* _Task statement_: Any picture in the material should be left out, while all other lines are copied exactly.

* _Data segment_:
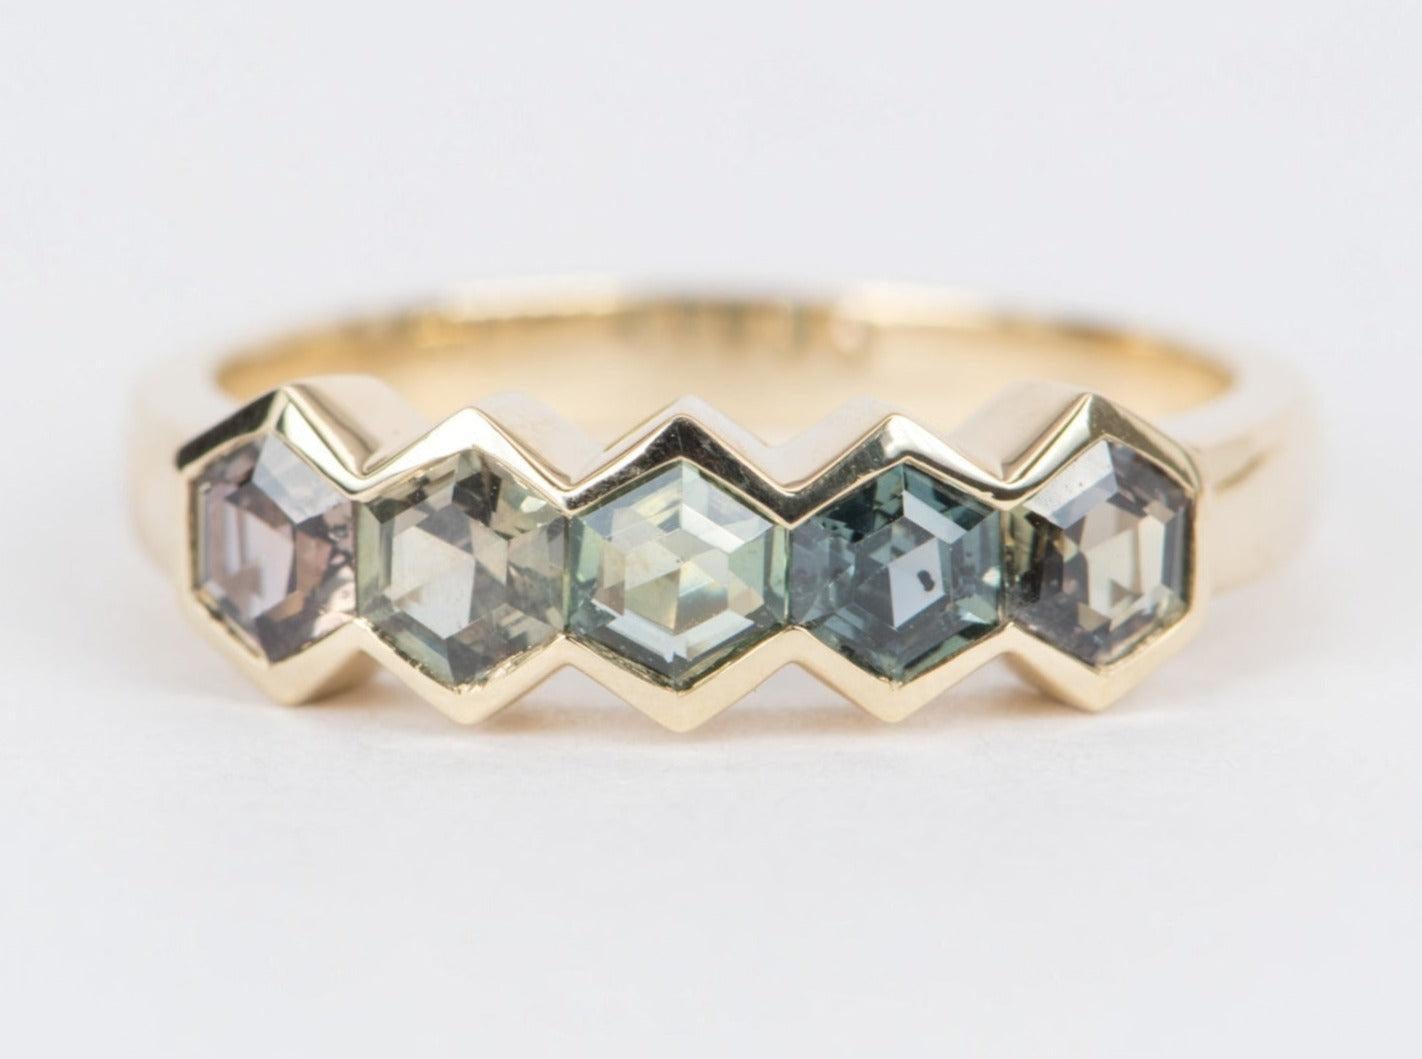 ♥ Solid 14k yellow gold ring set with beautiful hexagon-shaped Montana sapphires in a bezel setting
♥ Gorgeous blue green color!
♥ The item measures 5.5 mm in length, 17.5 mm in width, and stands 3.8 mm from the finger, band width 2.7mm

♥ Gemstone:

* _Task result_:
 ♥ Solid 14k yellow gold ring set with beautiful hexagon-shaped Montana sapphires in a bezel setting
♥ Gorgeous blue green color!
♥ The item measures 5.5 mm in length, 17.5 mm in width, and stands 3.8 mm from the finger, band width 2.7mm

♥ Gemstone:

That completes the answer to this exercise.